I didn't know that about the differences in pH with chlorox / off brand / liquid chlorine. I use Kem-tek liquid chlorine. Our tap water is 8.0 pH, we have a lot of 110 degree days in the summer, so a high amount of evaporation necessitating adding quite a bit of water, and we have dust storms that blow the alkiline desert dust into the pool. So, yeah, with me the pH of my water is an issue! Sounds like chlorox might be better for me.
 
i plan on trying a hybrid approach this summer. this is my first full summer with my pool. my approach will be to allow myself only 1 trichlor puck per week from may-september. i realize this will not be enough so i also plan to supplement with either bleach or cal-hypo once or twice per week. i'm hoping that by limiting myself to one puck per week 5 months out of the year that my cya will not rise too much over the 45-50 that it currently is. october-april i will use bleach only.
 
brg88tx said:
i plan on trying a hybrid approach this summer. this is my first full summer with my pool. my approach will be to allow myself only 1 trichlor puck per week from may-september. i realize this will not be enough so i also plan to supplement with either bleach or cal-hypo once or twice per week. i'm hoping that by limiting myself to one puck per week 5 months out of the year that my cya will not rise too much over the 45-50 that it currently is. october-april i will use bleach only.

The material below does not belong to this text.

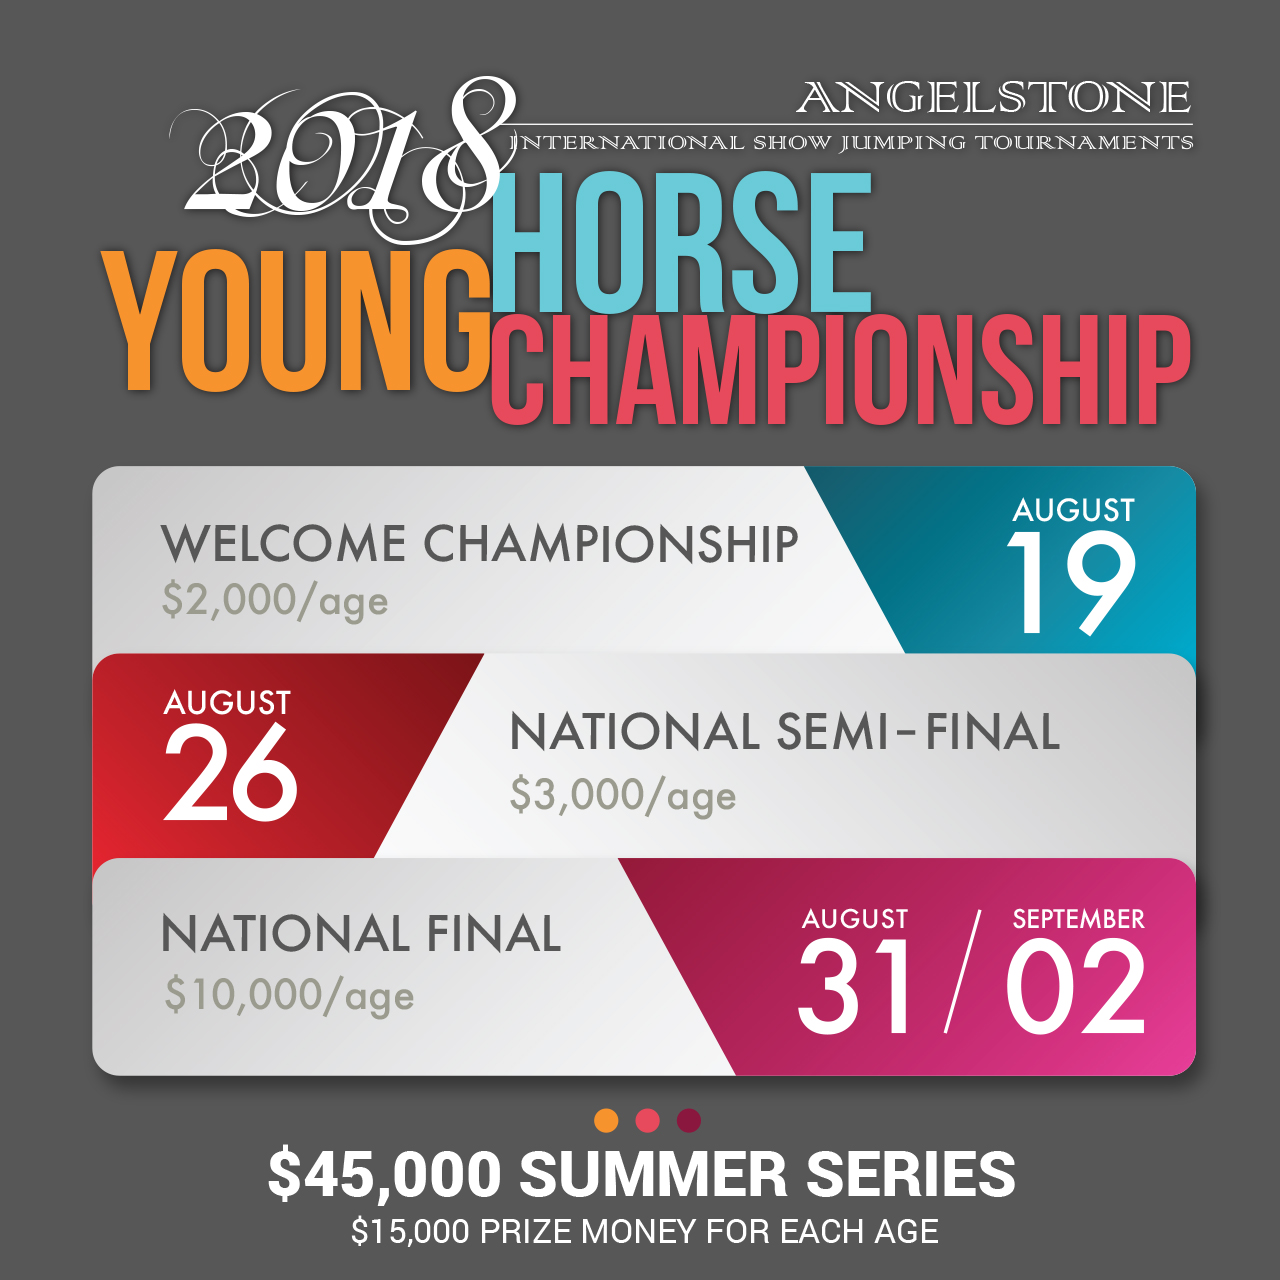 2018 Young Horse Championship $45,000 Summer Series

I know this thread is getting stale, but I couldn't help myself. For a 10000 gallon pool 60 oz (5mon*4wks*3oz) of trichlor will raise cya by 25...and be a huge temptation to use more than 1 a week. I wouldn't use the pucks. Also, remember cal-hypo raises the calcium level.
 
Depending on their splash out though that could be fine. It all comes down to proper measurements and understanding each chemical and what it will do to the water. That why hybrid approaches are actually harder because you have more variables being changed at one time.